To that end, my first read of the year is M. John Harrison's Light, which is certainly turning out to be a worthy contender.
#Write every day
I'd like to write more, always have, and I keep putting it off I decided when I was young that the only chance of succeeding at either writing or software engineering, would be to put all my effort into one at the expense of the other. Software won. Not because I thought it was a hot career, but because I thought it would be easier to get a job with than writing. It was 2003, and software was interesting to me, but not seen as prestigious or valuable amongst my peers. As far as I know, I'm the only person that pursued software engineering in my entire year of ~150 male students. Hence the health goals 😅
I can do a few things with this information. I can be angry about it, deny it, make my peace with it, or I can get working. Maybe all of those things in order.
#Publish every week
Weirdly I think this will be the hardest one.

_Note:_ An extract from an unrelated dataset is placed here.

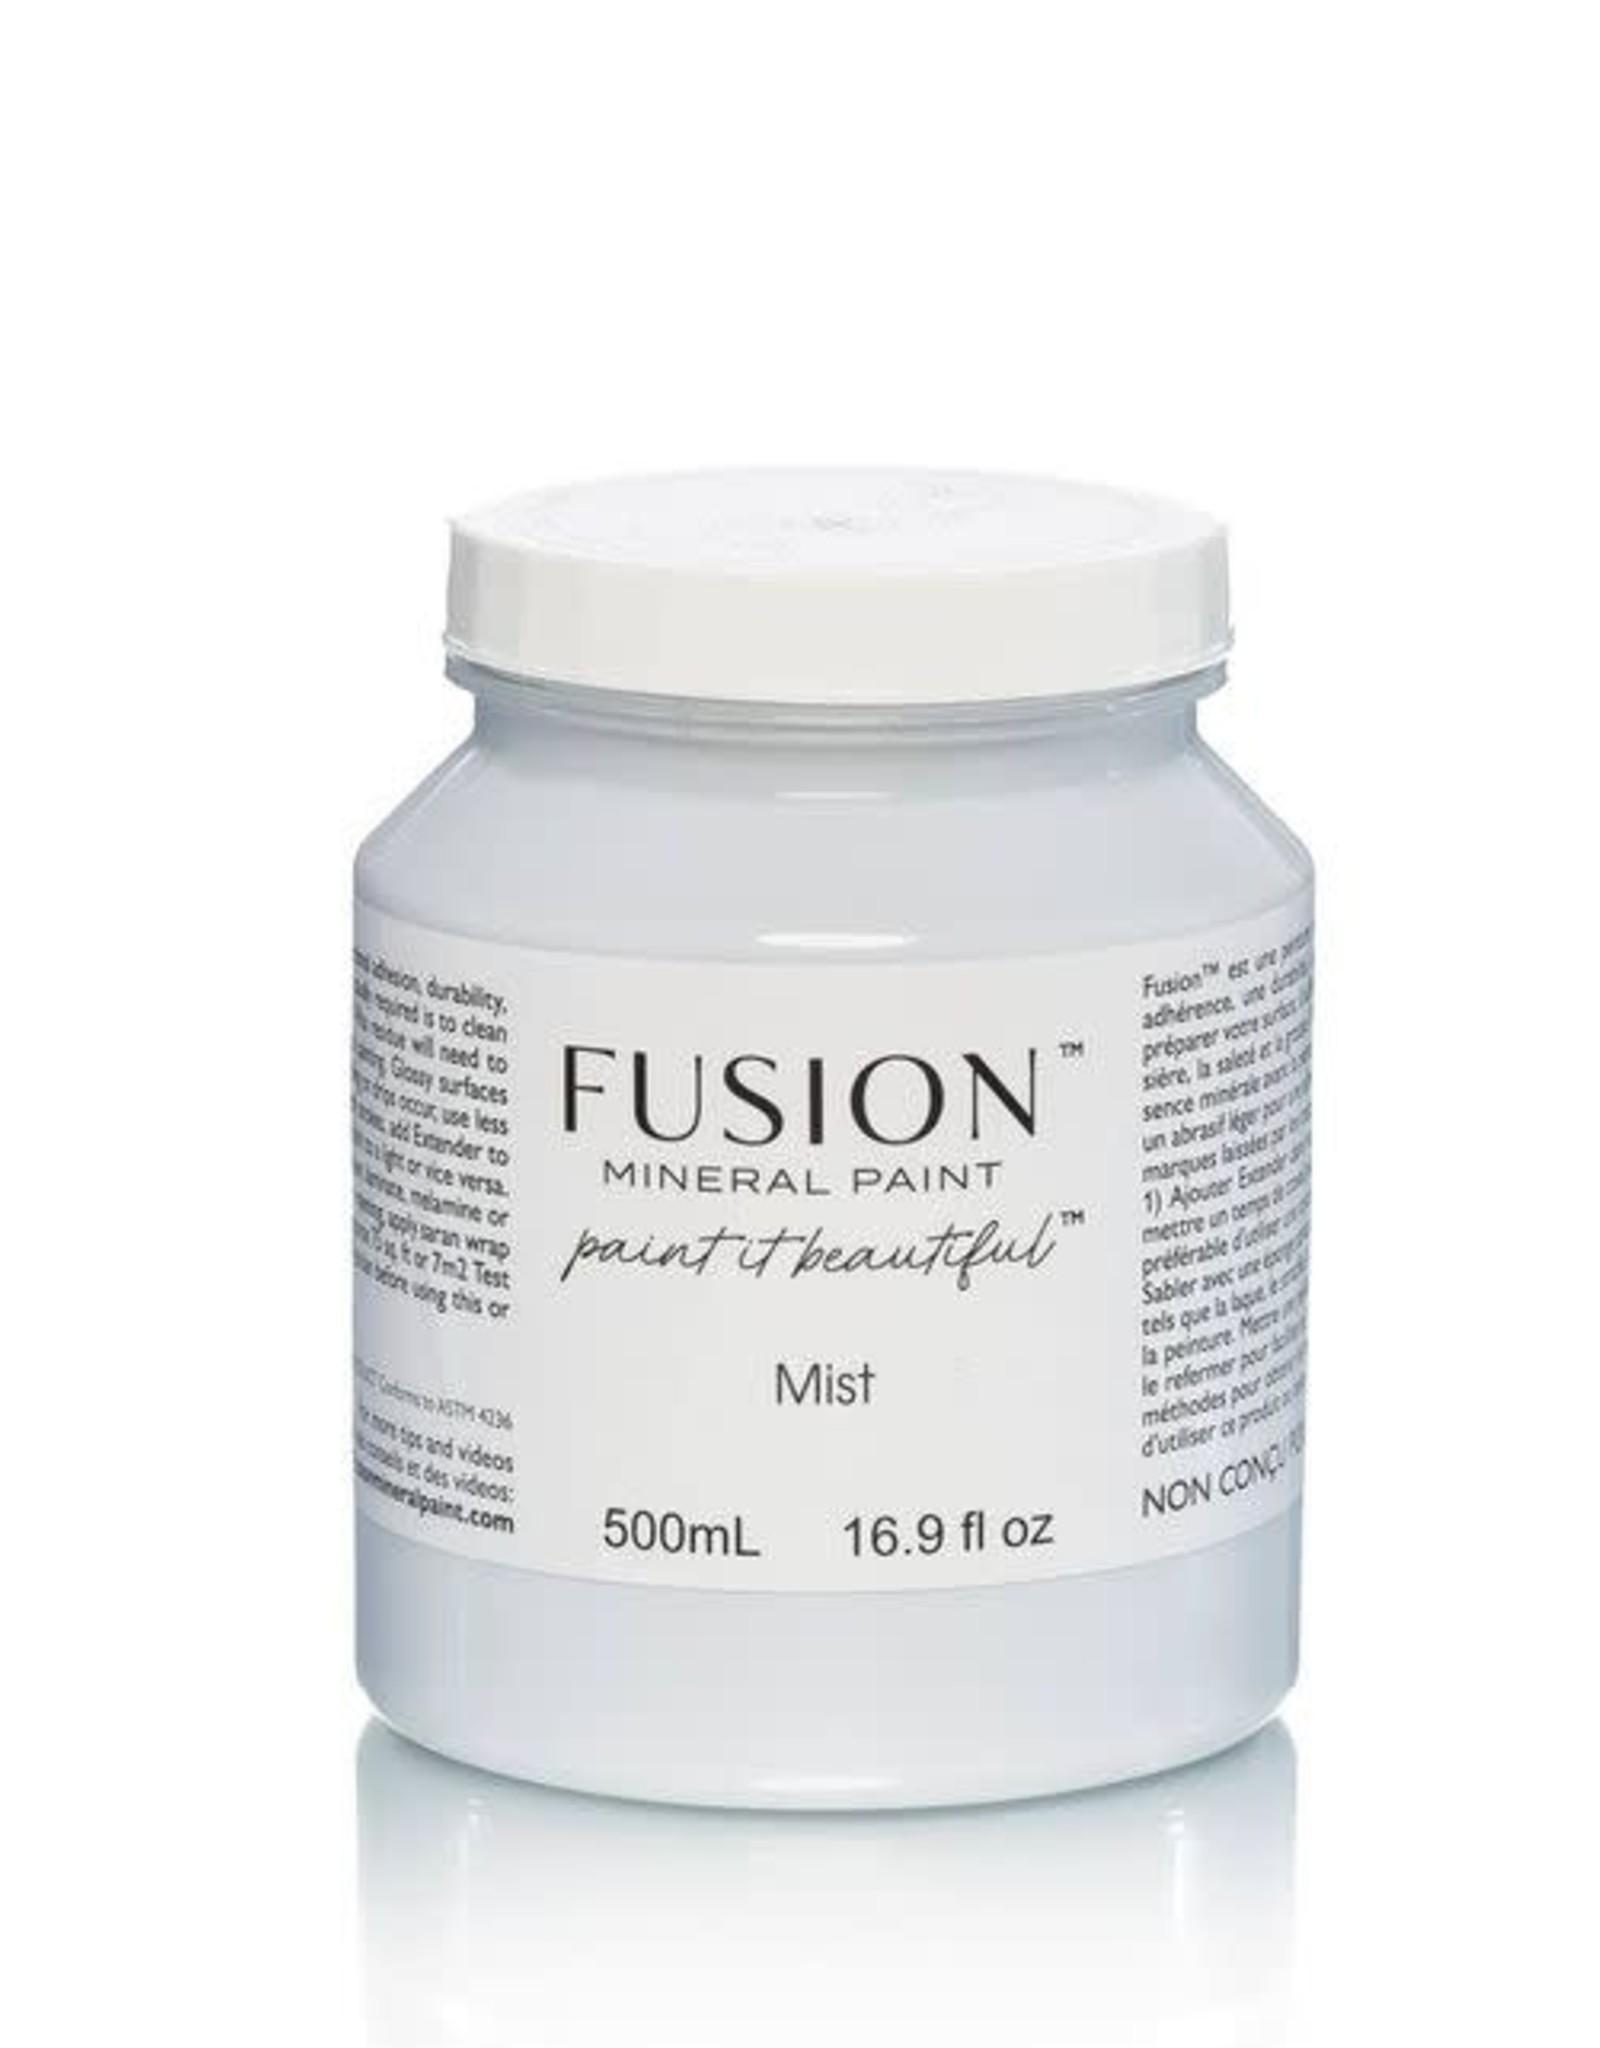 Fusion Mineral Paint Fusion Mineral Paint - Mist 500ml

About the only saving grace here is that I am a working software developer and have a close and wry understanding that any software which is not released essentially does not exist.
Another lesson is that releasing software is one step of a many-stepped process when building a product. Not even necessarily the first step, depending on how you want to think about it.
Despite knowing this I just don't post anything that feels too incomplete. Yet occasionally I re-read those posts and wonder whether they could ever be more complete than they already were.
Publishing a post feels like a big step, and it is in one sense, but it's also just one step. You can fold in whatever you want after it; sharing the post around, corrections, additions, or responding to feedback/comments.
But the real outcome of publishing a blog post is mostly nothing external. Maybe some people read it, maybe nobody does. But the act of publishing itself is a useful line to draw under it. A way of moving on to the next thing.
Ultimately that's what we get out of a New Year's resolution, too. Draw a line under the last year, and make some space for a change.